TO DO: Retype the whole listing exactly. Leave out pictures.

DATA EXTRACT:
════
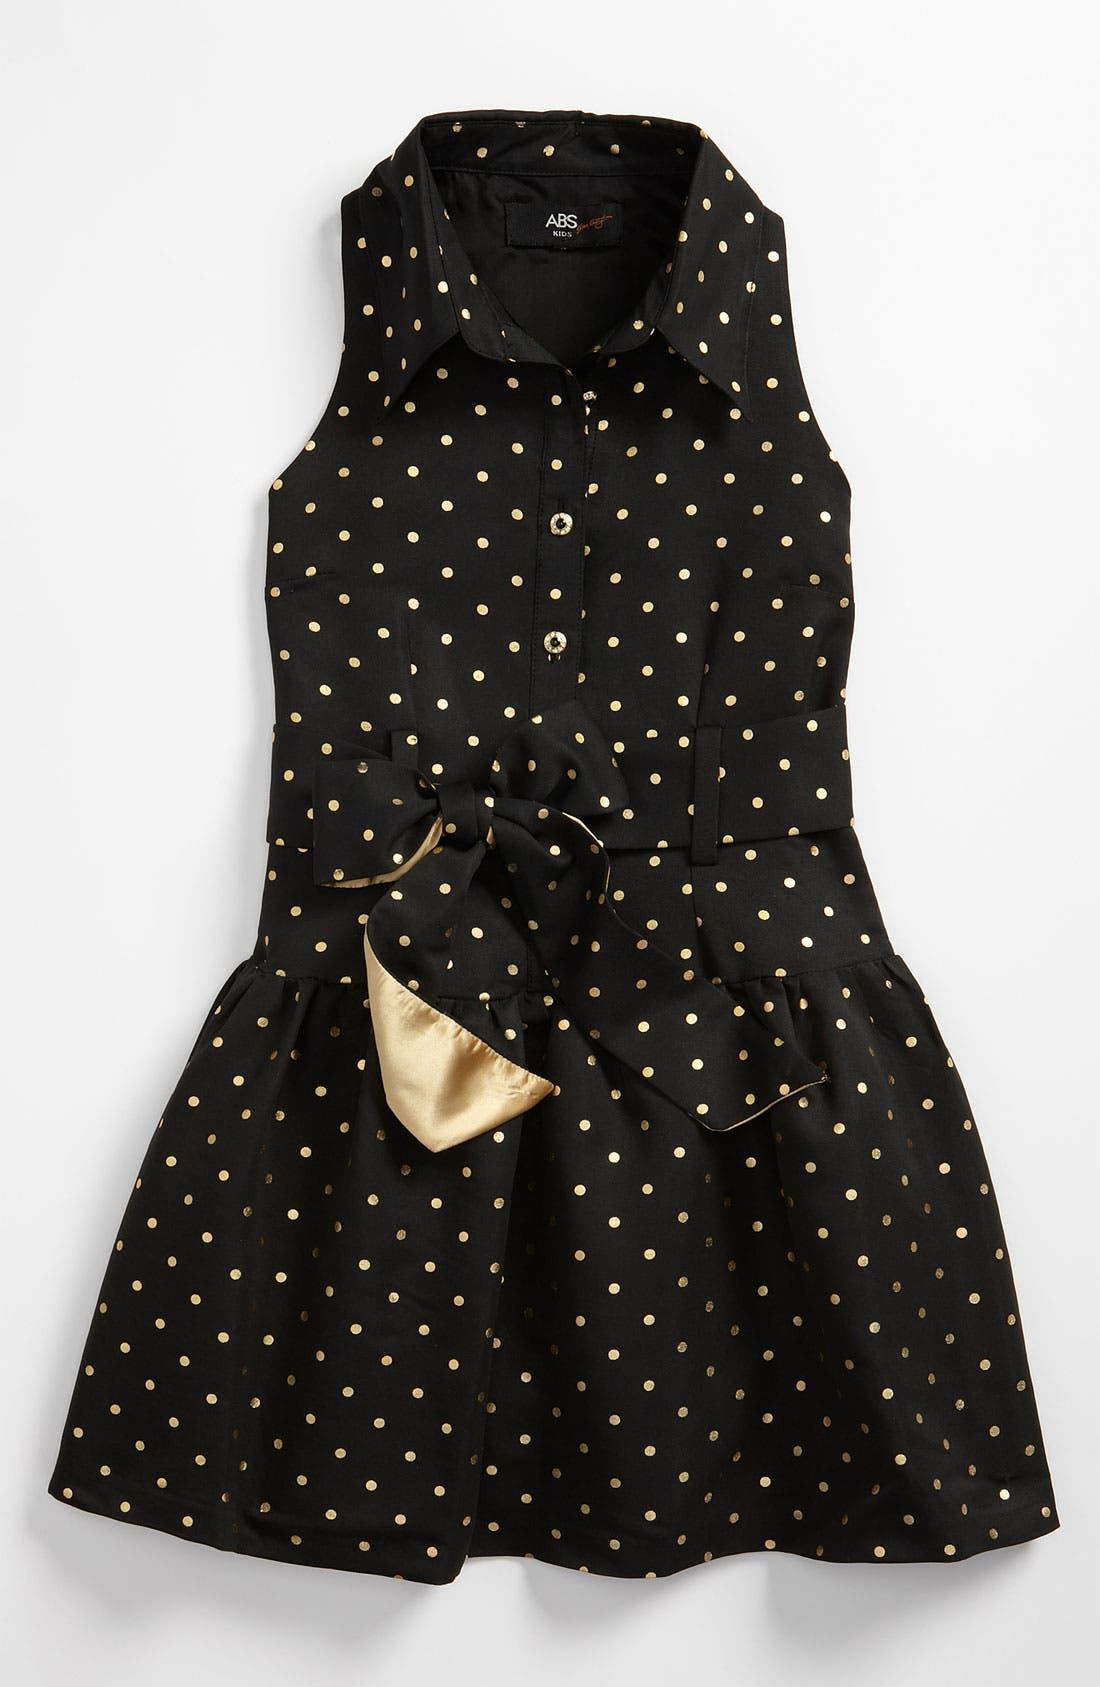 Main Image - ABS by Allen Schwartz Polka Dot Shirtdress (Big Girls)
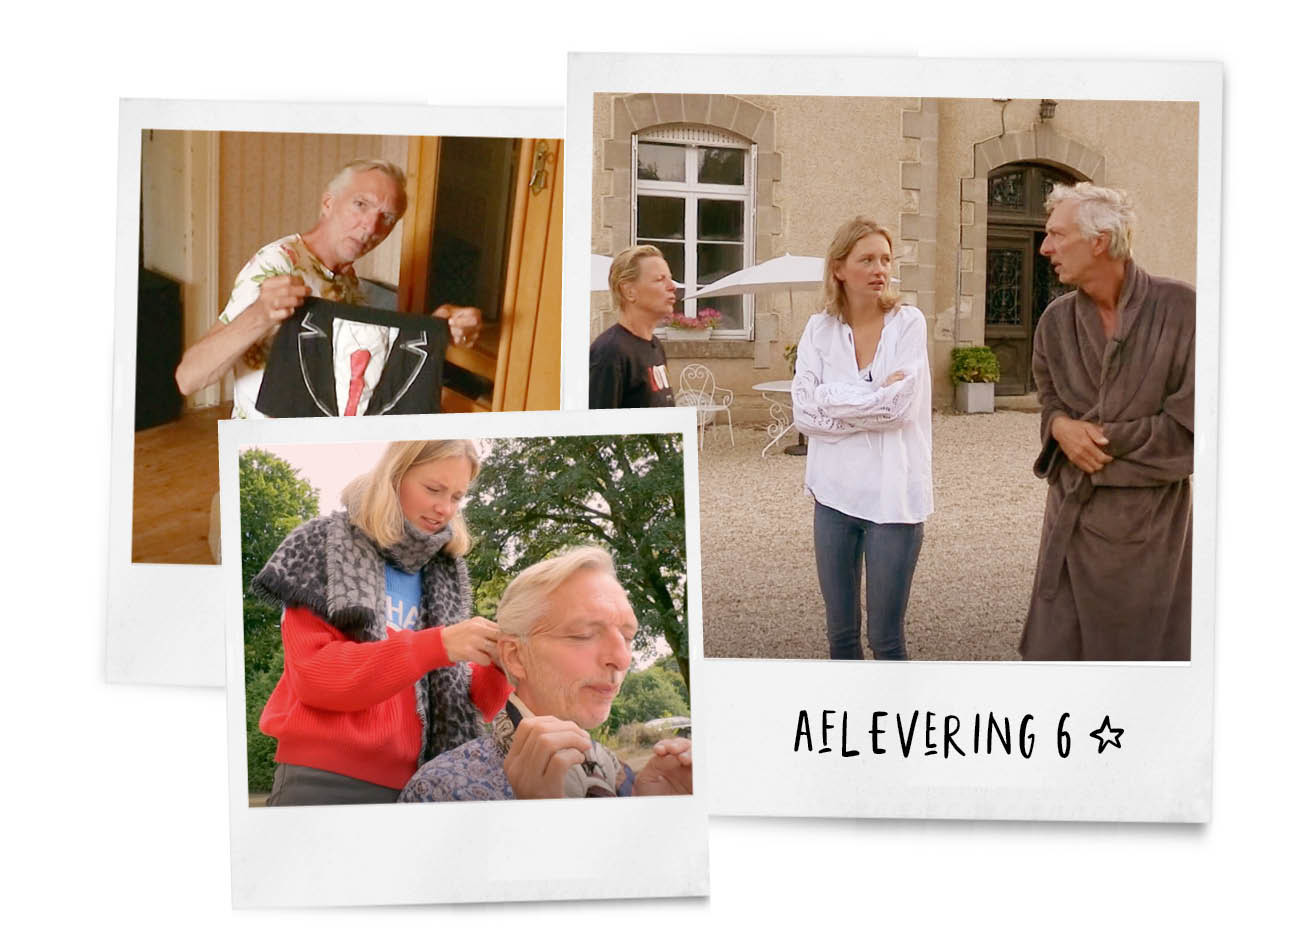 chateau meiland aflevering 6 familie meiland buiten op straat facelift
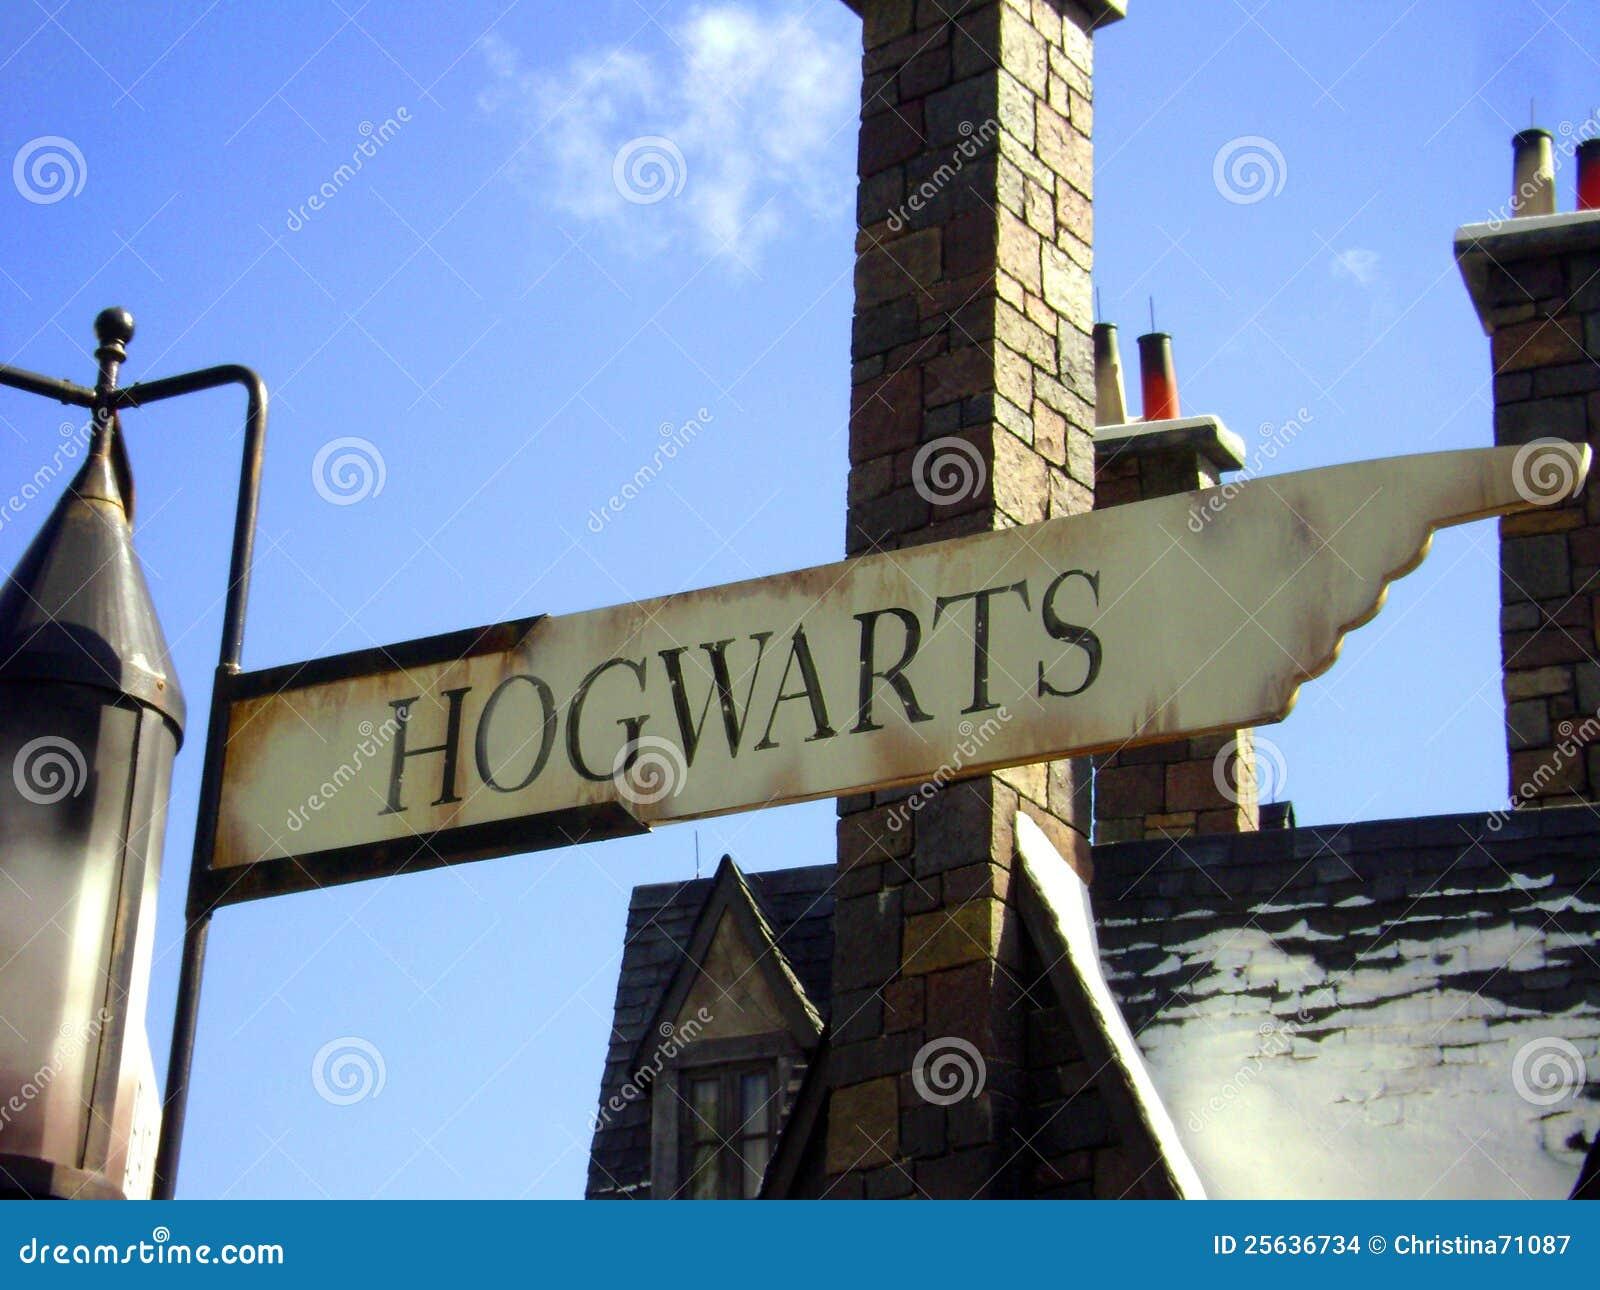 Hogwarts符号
════
SOLUTION TO THIS EXERCISE:
 Main Image - ABS by Allen Schwartz Polka Dot Shirtdress (Big Girls)
 chateau meiland aflevering 6 familie meiland buiten op straat facelift
 Hogwarts符号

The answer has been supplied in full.